Mexico and Belize seek to improve all border operations to guarantee more efficient legal procedures for international operations and travelers, as both countries extend their original Memorandum of Understanding to 2025. 

Mexico’s Jorge Nuño Lara, Minister of Infrastructure, Communications and Transport, and Belize’s Rodwell Ferguson, Minister of Transportation, will endorse a Memorandum of Understanding on International Passenger and Cargo Motor Transport. Both countries signed a document that gives continuity to the previous agreement from Oct. 25, 2017, to strengthen relationships between Mexico and Belize, while promoting legal certainty and road safety.

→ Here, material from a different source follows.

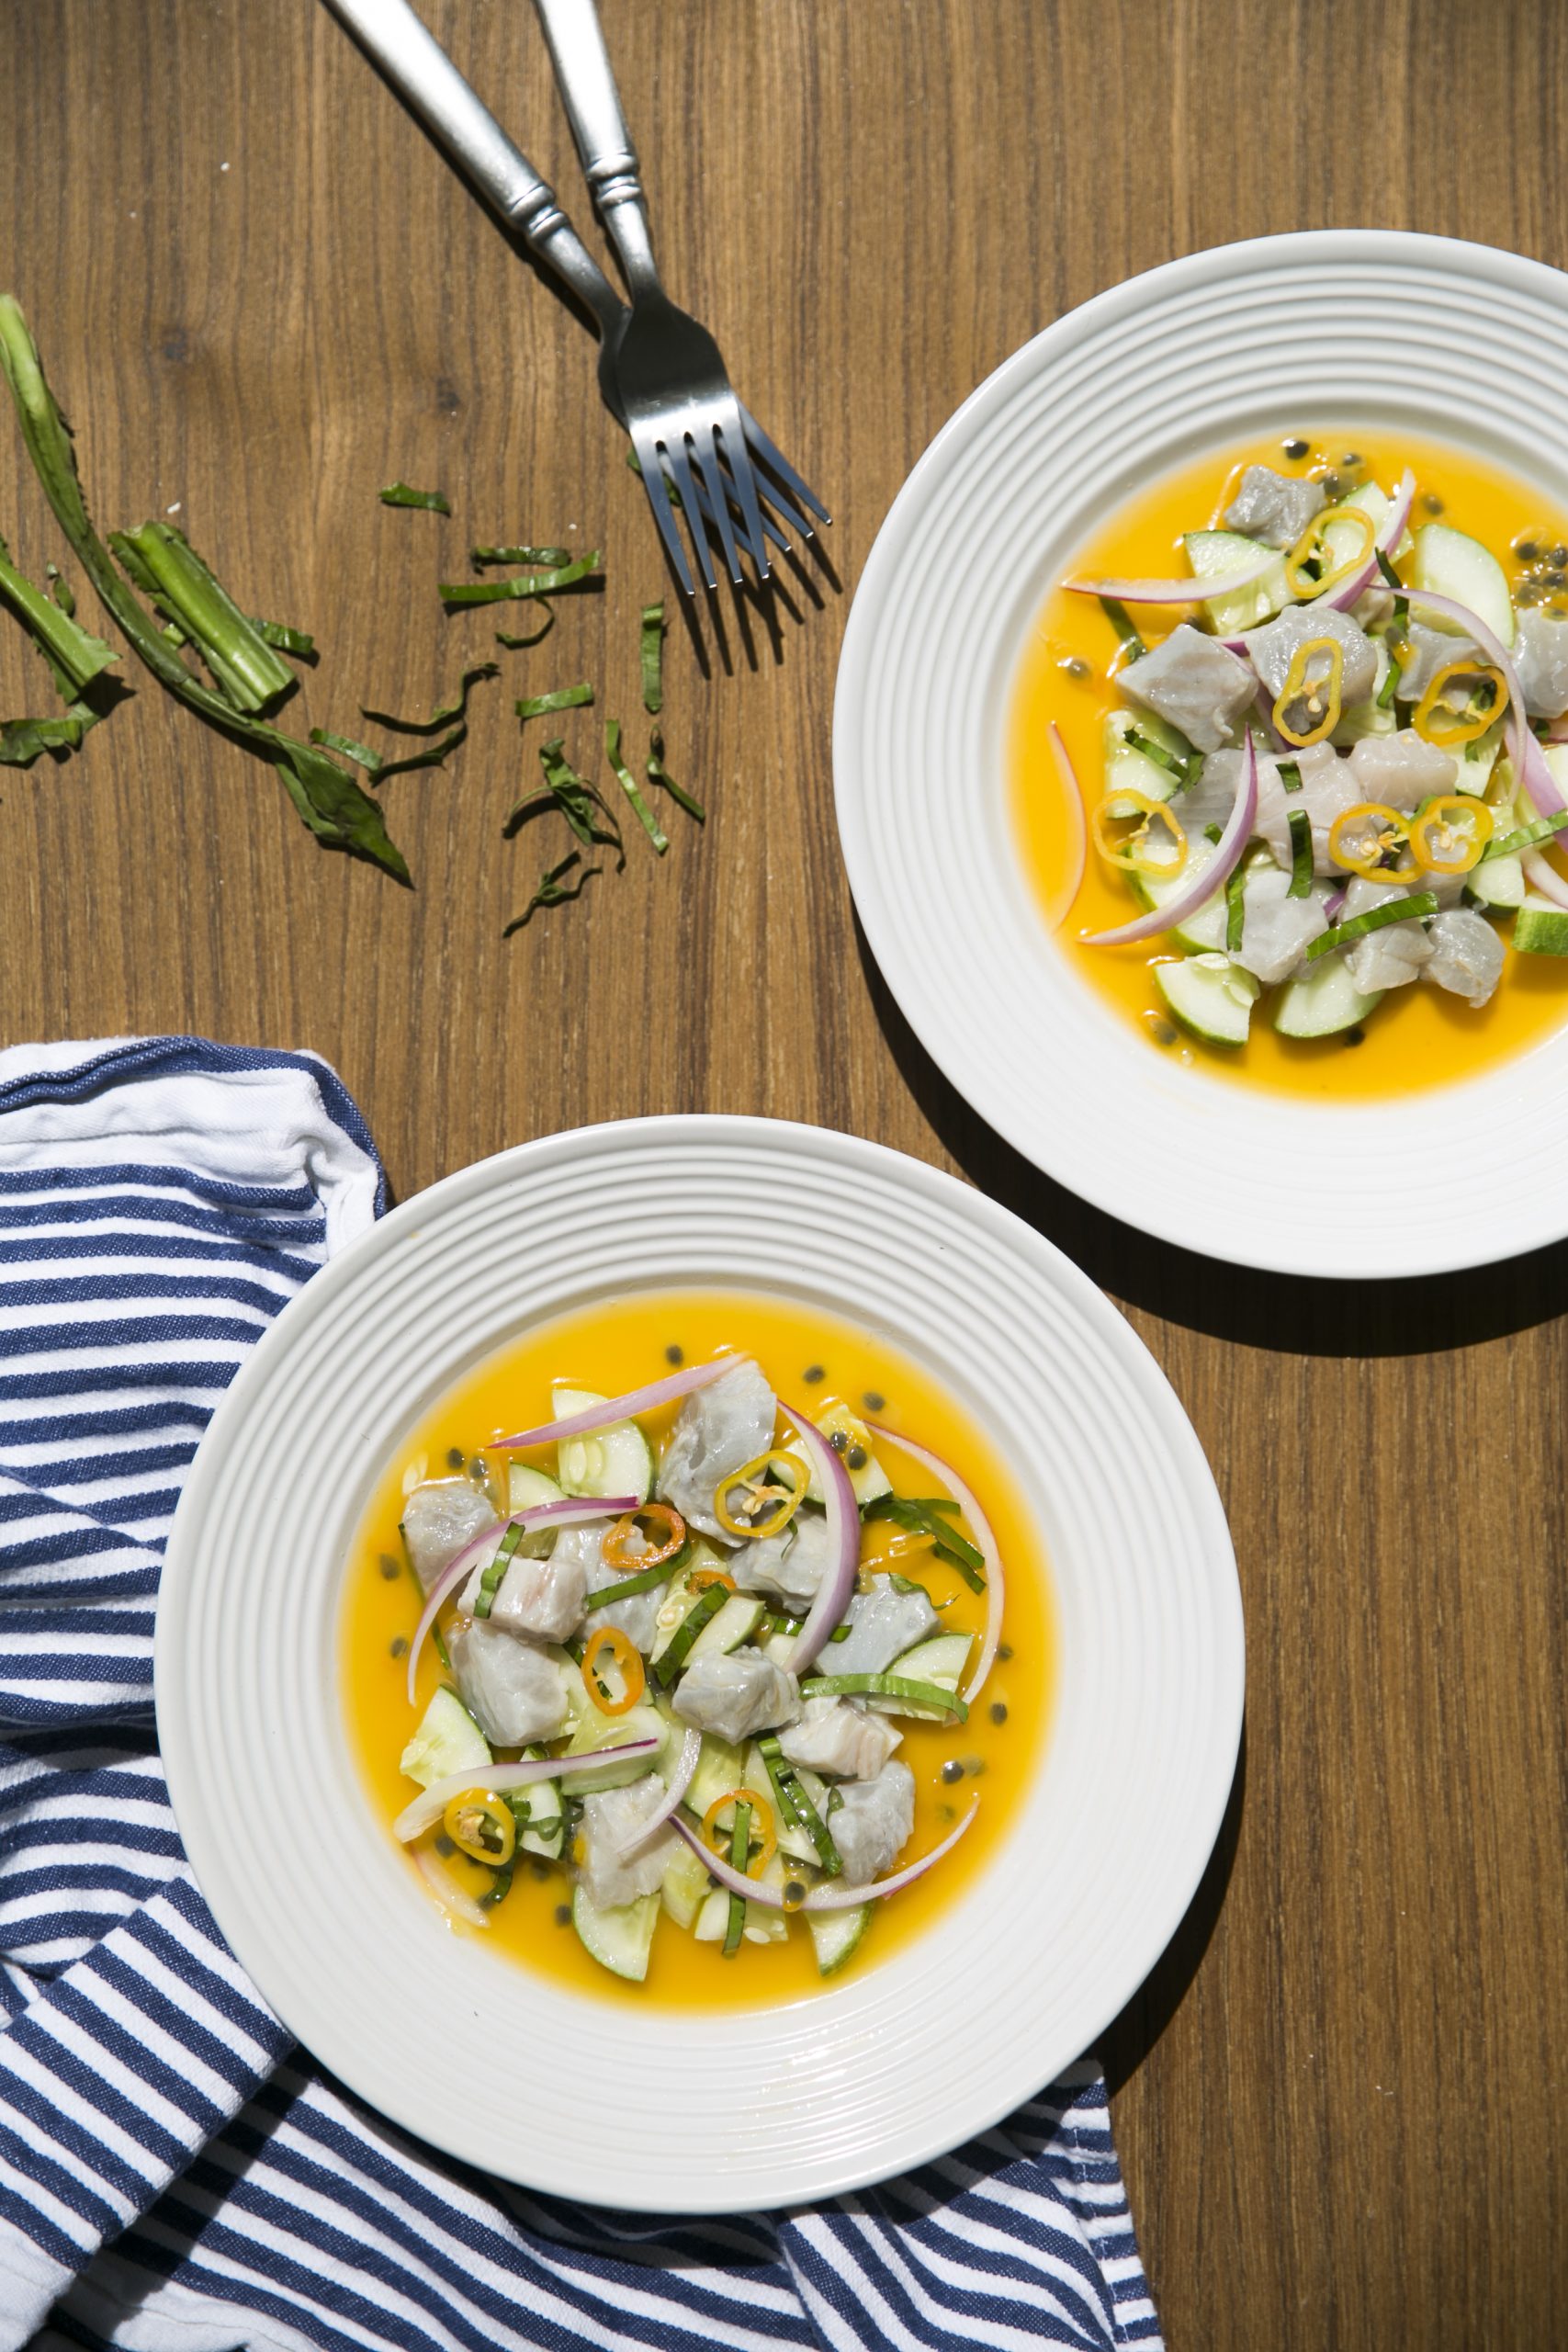 Add a Dash of Passion Fruit to Your Ceviche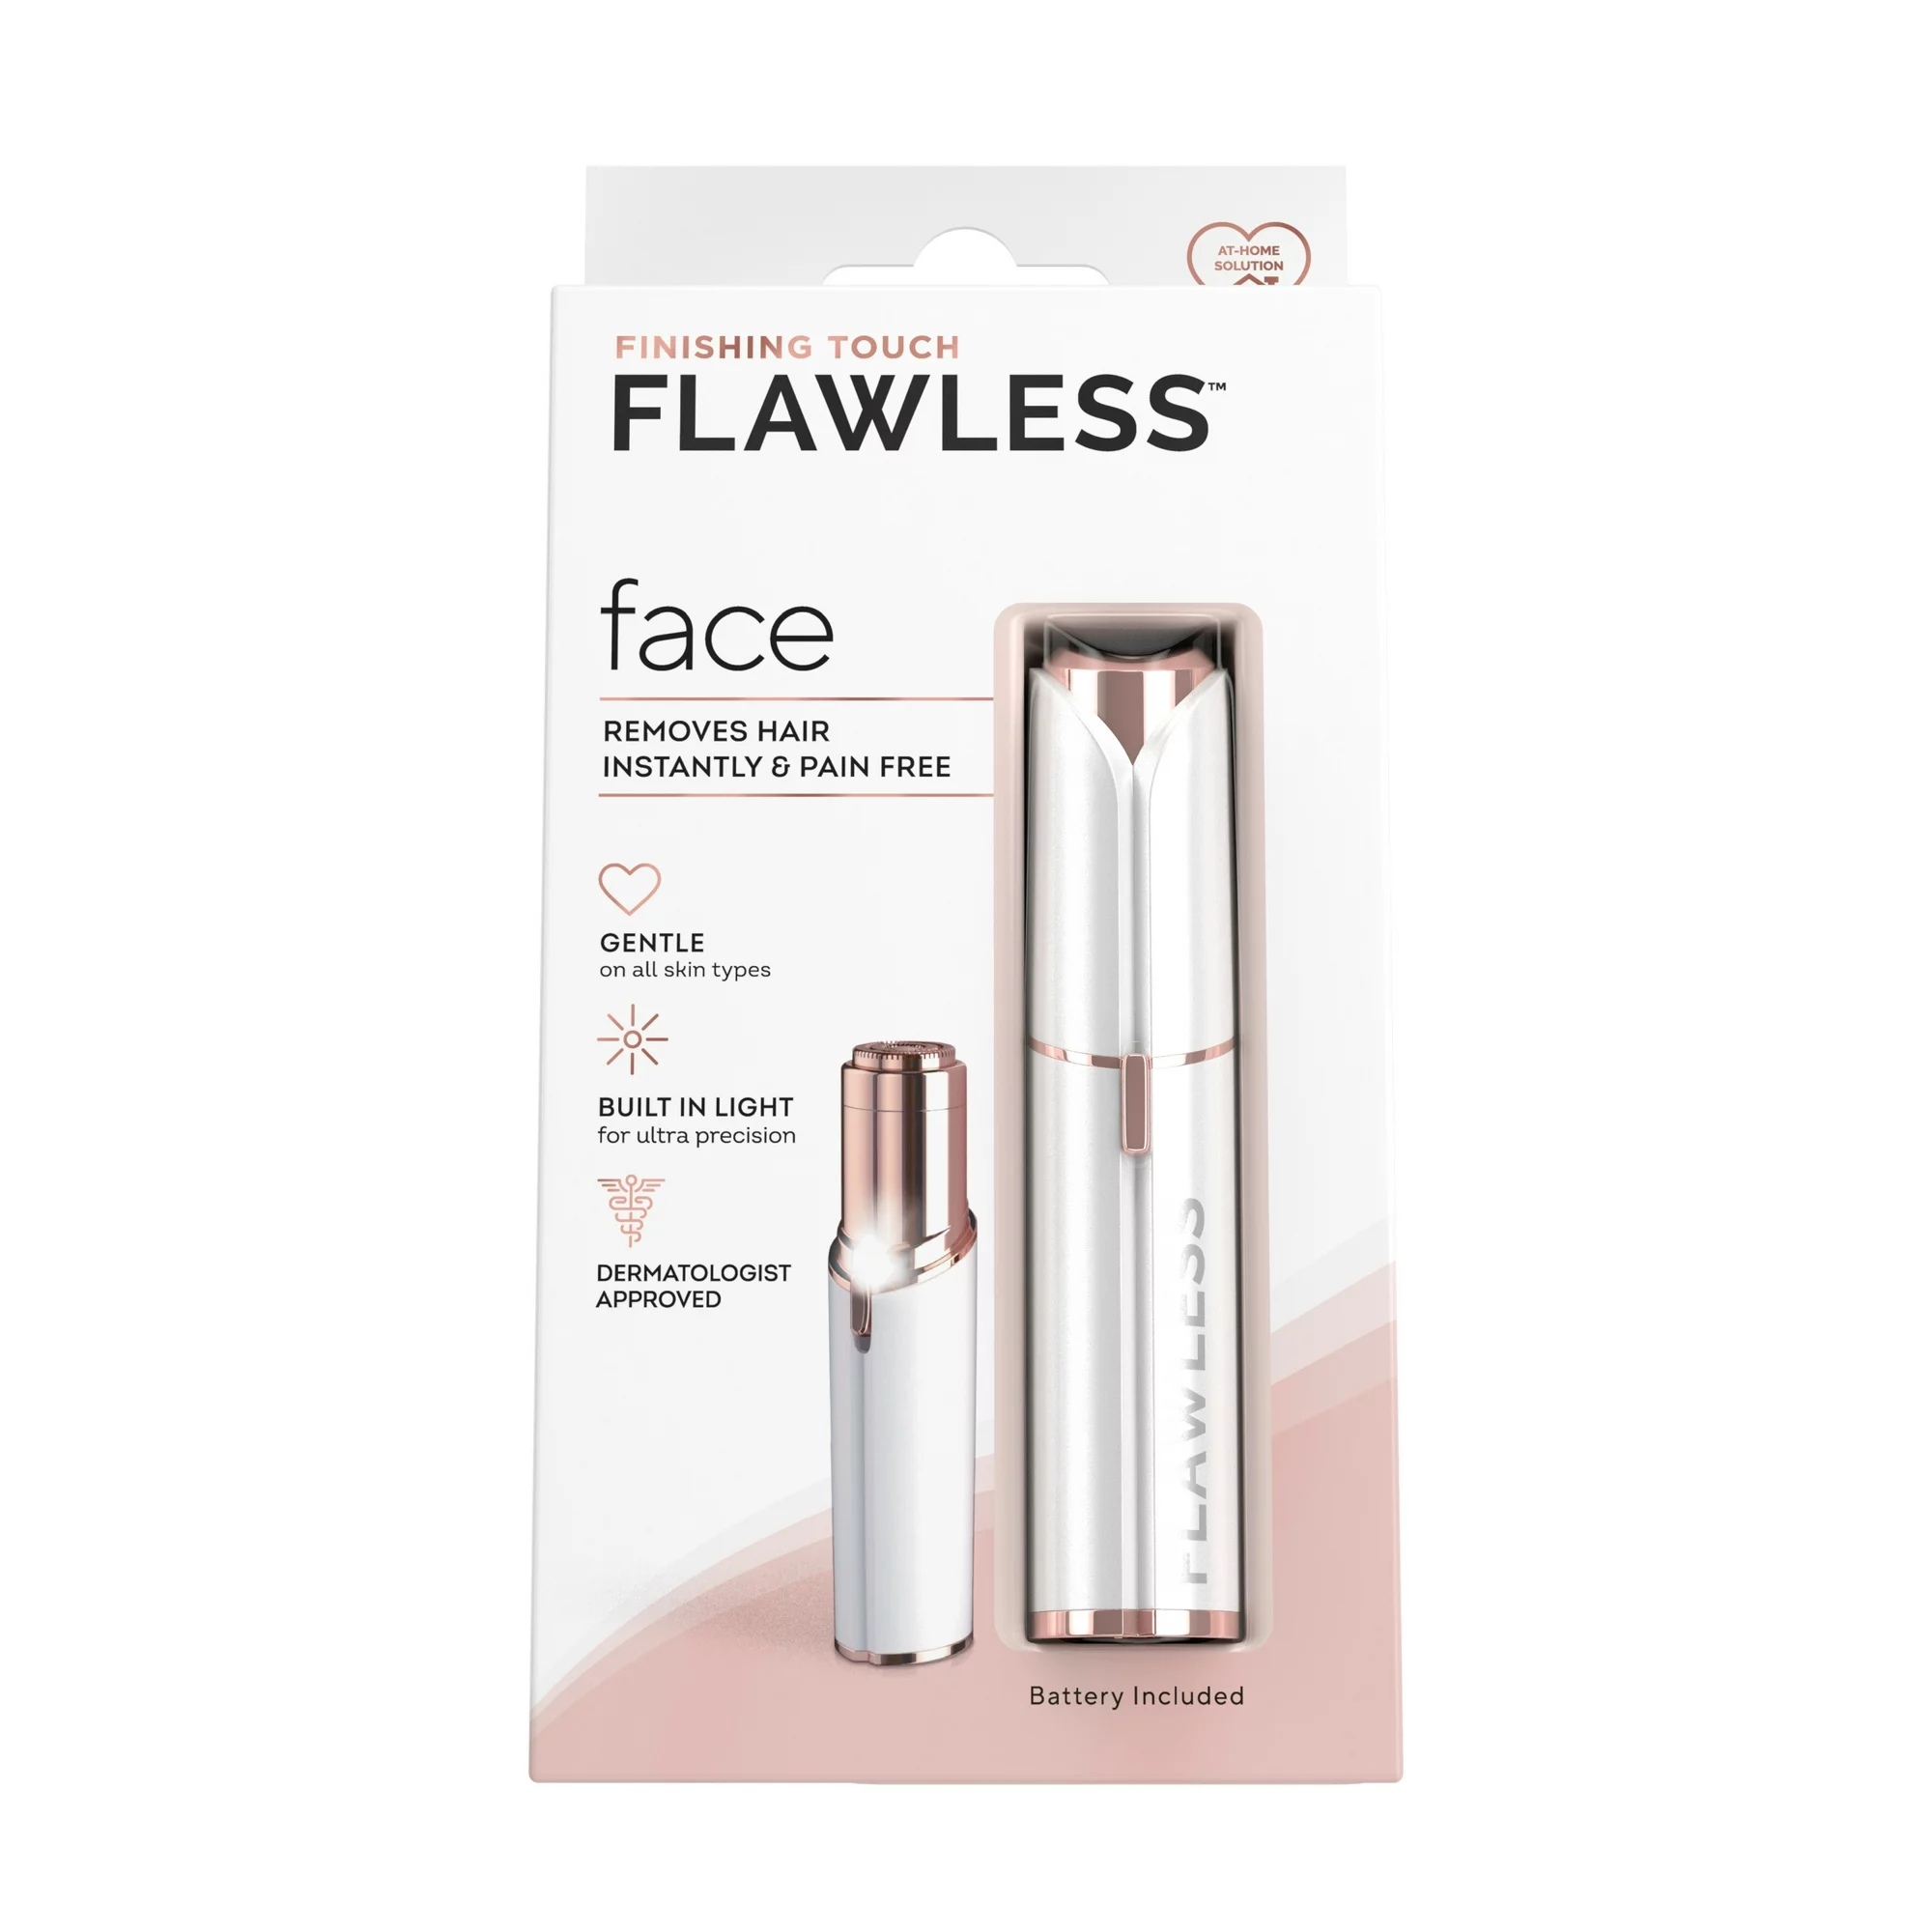 Finishing Touch Flawless Facial Hair Remover for Women, Electric Face Razor  for Women with LED Light for Instant and Painless Hair Removal, Blush

The efforts of both countries focus on giving legal certainty to the operations of commercial motor carriers, while regulating them to ensure they offer safe and efficient services. The Mexican Ministry of Infrastructure, Communications and Transport (SICT) explained that carriers from both countries can now obtain proof of their registration with the respective authorities to guarantee they are safe and compliant with transport regulations in Mexico and Belize, explained SICT via a press release. 
 

The countries will collaborate to fill gaps on all levels of government to improve cross-border cargo and passenger carriers’ operations. Both countries agreed that this instrument will provide major progress for road and citizen safety, while improving trade and activities on the border between Mexico and Belize. SICT highlighted that the signing of the endorsement will last until March 1, 2025.

"This instrument is an expression of the will of our countries to strengthen our neighborhood that unites and identifies us, based on common interests such as promoting legal certainty and road safety in the operations of our carriers on the common border,” says Nuño.

Non-governmental organizations (NGOs) have argued that Mexico’s migration policy has been militarized by deploying a disproportionate share of its military, in comparison to conventional migration agents. Six organizations showed that numerous migrant arrests were carried out by Mexico’s military based on racial profiling, with a major share of immigrants entering Mexico through Belize, as reported by MBN.